Engle v. Clarke

346 S.W.2d 13, 1961 Ky. LEXIS 280
CourtCourt of Appeals of Kentucky (pre-1976)
DecidedApril 28, 1961
StatusPublished
Cited by13 cases

This text of 346 S.W.2d 13 (Engle v. Clarke) is published on Counsel Stack Legal Research, covering Court of Appeals of Kentucky (pre-1976) primary law. Counsel Stack provides free access to over 12 million legal documents including statutes, case law, regulations, and constitutions.

Bluebook
Engle v. Clarke, 346 S.W.2d 13, 1961 Ky. LEXIS 280 (Ky. 1961).

Opinion

PALMORE, Judge.

This is a malpractice suit against two physicians. One was let out on a peremptory and the jury found in favor of the-other. Plaintiff, who is the widow of the deceased patient and administratrix of his estate, appeals.

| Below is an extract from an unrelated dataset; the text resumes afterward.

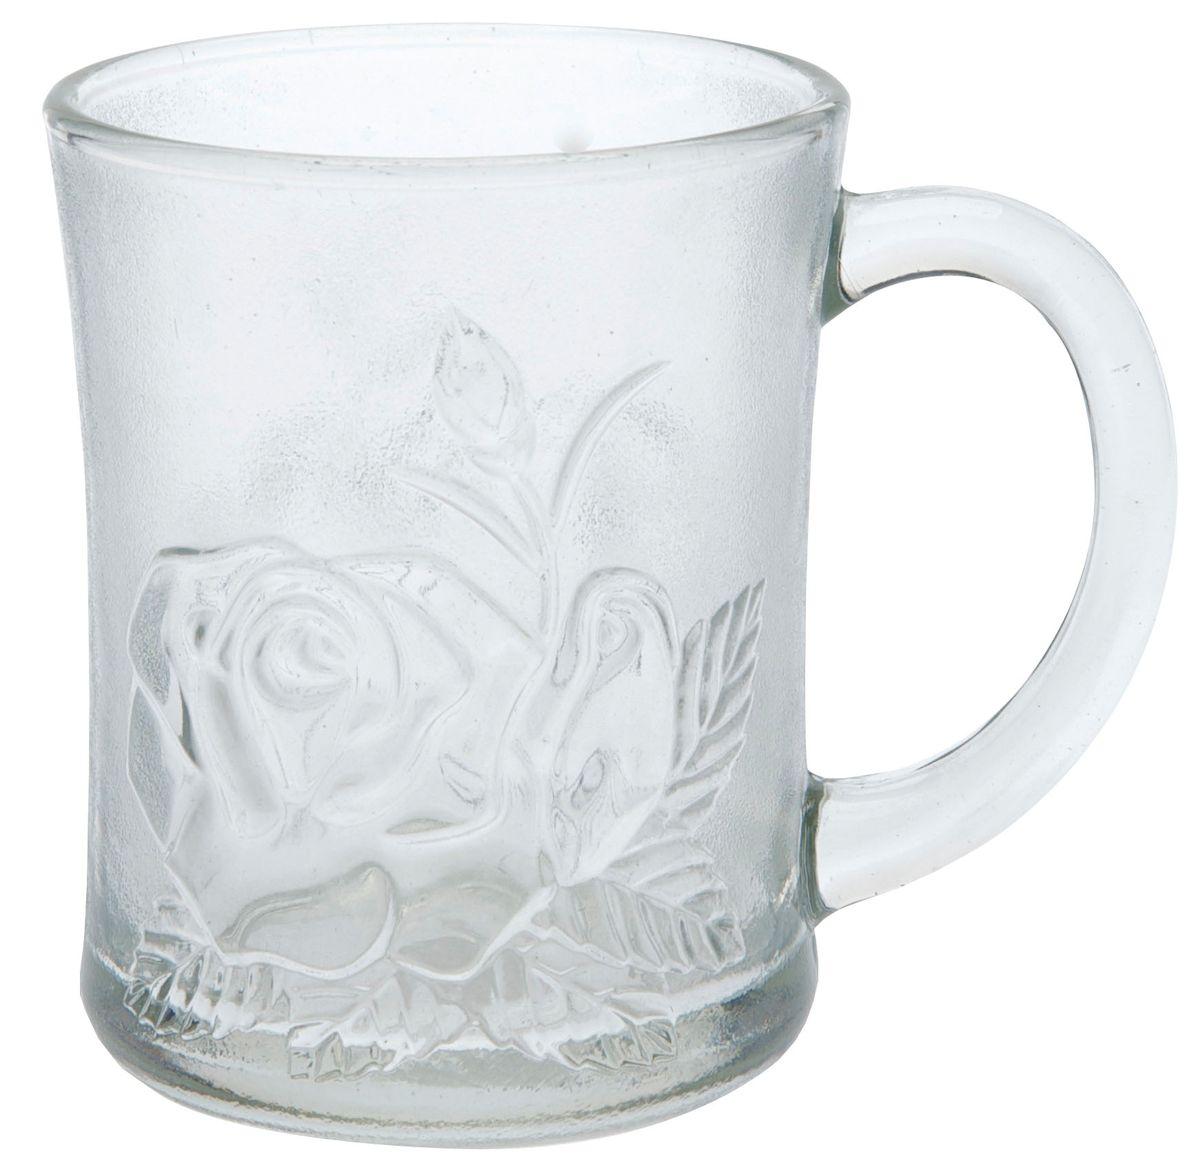 Кружка Axentia Роза, 250 мл115510Кружка Axentia Роза изготовлена из прочного матового стекла и декорирована рельефным изображением розы. Такая кружка прекрасно подойдет для горячих и холодных напитков. Она дополнит коллекцию вашей кухонной посуды и будет служить долгие годы.

Bruce Engle, 41 years of age, entered the Methodist Hospital at Pikeville on February 18, 1957, for treatment of a. respiratory infection. He was attended by Dr. W. F. Clarke, one of the appellees, who was his family doctor. He recovered in due course but remained in the hospital for surgical correction of an epi-gastric hernia. The operation was performed by the appellee Dr. John H. Scott, Jr., on Monday morning, March 4, 1957. The patient died at the hospital some 13 or 14 hours later, at 12:45 A.M. on March 5, 1957. A post-mortem examination disclosed the presence of an estimated two quarts of unclotted blood within the peritoneal cavity, apparently originating from the site of the surgical wound. In the opinion of the pathologist the cause of death was “hemorrhage in peritoneal cavity following operation for epi-gastric hernia.”

*15 Dr. Scott was assisted in the surgery by his associate, Dr. A. G. Osborne. Dr. Clarke was not present. The action against Dr. Clarke was founded on the theory that in referring the patient to Dr. Scott for the surgical procedure he did not relieve himself of the continuing responsibility ordinarily existing in the physician until he dismisses the patient or notifies him that he is withdrawing from the case. Hence it is contended that Dr. Clarke should have been present during the operation and should also have cared for him thereafter.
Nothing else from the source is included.